El viejo que sonreía

Este era un viejo que siempre sonreía. Si hablaba con los grandes mandatarios del país, sonreía. Si hablaba con los altos mitrados de la nación o de Roma, sonreía. Aunque hablara de asuntos serios, sonreía. Si bromeaba, sonreía doblemente. Cuando visitaba a los niños más pobres a los que había procurado casa, mesa y escuela, había que ver cómo sonreía... Si acudía a un lejano país asolado por una guerra, un terremoto u otra catástrofe natural, se retrataba con un fondo de ruinas junto a sus amigos supervivientes y sonreía igualmente. Si acudía a una escuela de niños africanos fundada con a los dineros que pedía a la gente, sonreía. Si jugaba, si cantaba con ellos, si los acariciaba, sonreía. Si se encontraba en un albergue nuevo con sus antiguos amigos sin techo, sonreía. Multiplicaba sus viajes por todo el mundo. Pedía, pedía en todas partes para ayudar a los enfermos de soledad, a los pobres de todas las pobrezas. Se le veía en fotografías, en vídeos con colaboradores del mundo entero. Y sonreía. Sonreía siempre. Algunos lo criticaban. Lo acusaban de que, a veces, andaba con pecadores o con gentes de mal vivir o de dudoso pensar. Él le restaba importancia y sonreía.

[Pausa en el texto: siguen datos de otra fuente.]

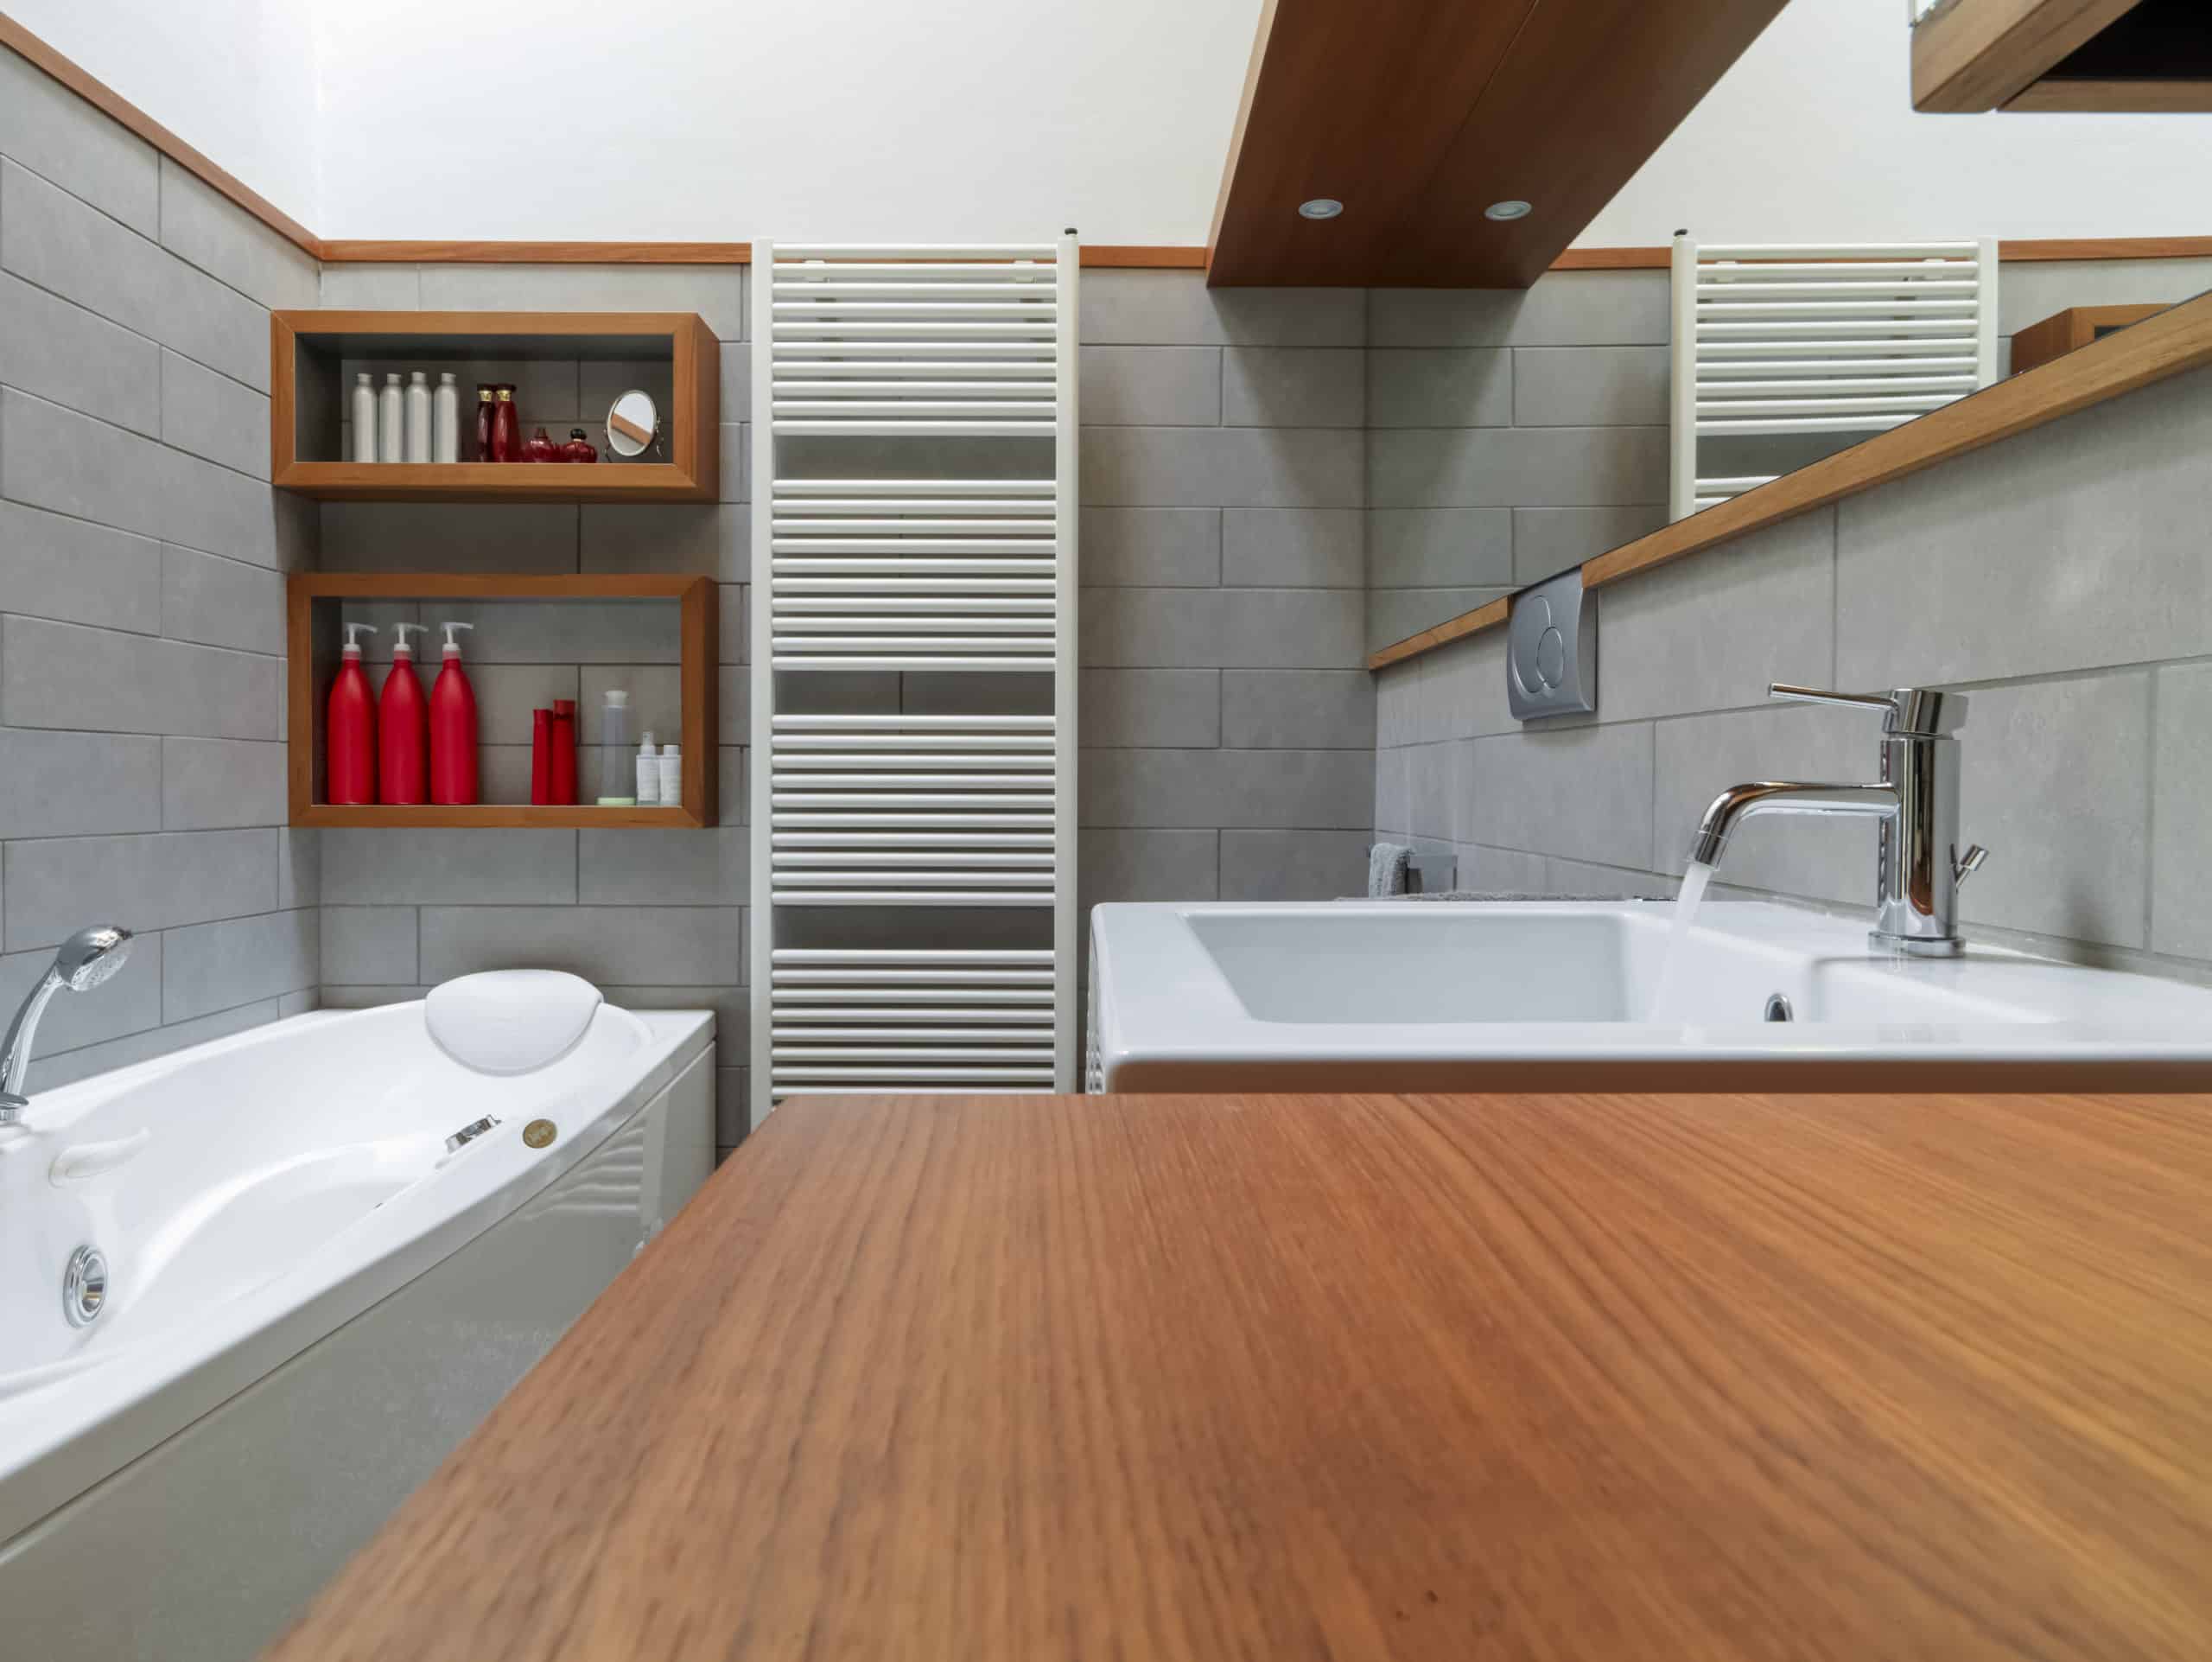 Reorganiza tu baño, estantería de madera y otros sistemas de

¿Había nacido sonriendo o había aprendido después a sonreír sin descanso? ¿Sonreía solamente cuando aparecía en público, cuando hablaba con los pobres o de los pobres, de sus amigos, de sus obras o sus proyectos, cuando pedía ayuda y colaboración a la gente o cuando les mostraba su agradecimiento, cuando bromeaba con los niños o con los mayores?

Nadie se lo preguntaba, pero aquel viejo sonreía y miraba continuamente dónde pudiera haber nuevos pobres o tristes a los que remediar la necesidad o la tristeza. En eso se le había pasado, desde su juventud, la vida entera. Quienes le conocían de cerca decían que era un viejo feliz.

El Reino de Dios se parece a un viejo que sonreía.